A logical next step is to use factor analysis to relate variation among transcript levels to phenotypic variation, a step not possible in a cluster analysis. For Drosophila, body size is a complex trait where latitudinal clines in body size have been repeatedly demonstrated across ectotherms [28]. In D. subobscura, a body-size cline evolved in 12 decades, thus ranking body size in flies among the fastest-evolving morphological traits ever observed in natural populations [29]. The proximate reasons for these clines are complex, especially given that body size in flies is positively correlated with mating success in males [30–32]. Of further interest are data suggesting that the same genomic regions are involved in adaptation in two of these clines, South America and Australia [33]. In contrast to the immune system, there is little a priori information on how the candidates genes are related to one another. In addition, identification of factors associated with variation in body size in natural populations of Drosophila is a question of great evolutionary interest.

Results

Simulations

In the initial scenario, a sample size of 100 individuals was examined.
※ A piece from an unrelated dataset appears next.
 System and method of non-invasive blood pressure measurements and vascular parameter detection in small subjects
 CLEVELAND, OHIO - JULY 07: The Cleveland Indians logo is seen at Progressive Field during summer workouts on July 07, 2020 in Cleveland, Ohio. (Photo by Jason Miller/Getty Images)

This sample size is large for a microarray experiment, but is in the low range of the minimum sample size suggested in factor analysis methodology [34]. We simulated a high degree of correlation among genes within a factor (ρ = 0.80), three factors with a manageable number of genes associated within each factor (correlated genes: 30), and some genes not associated with any factor (noise genes: 100). We assume genetically variable lines for which differences in transcript abundance among lines was moderate within each of the three factors [35]. Factor analysis on these data was performed. Factors were identified by examining the eigenvalues of the correlation matrix [23]. The first five eigenvalues were 25.3, 21.3, 18.3, 4.3, and 4.1. The substantial drop between the third and fourth eigenvalues (from 18.3 to 4.3) indicates that three factors (the number simulated) are clearly identified, explaining 34% of the variation. We then set the number of factors in the analysis to three, and estimated factor loadings in order to examine the structure of the factor. All (100%, n = 90) of the correlated genes loaded [36] on the correct factor, with none of the noise genes loading on any factor (see Table 1). Reducing the correlation among factors, and reducing the effect size do not affect the ability of factor analysis to identify the correct underlying structure (Table 1).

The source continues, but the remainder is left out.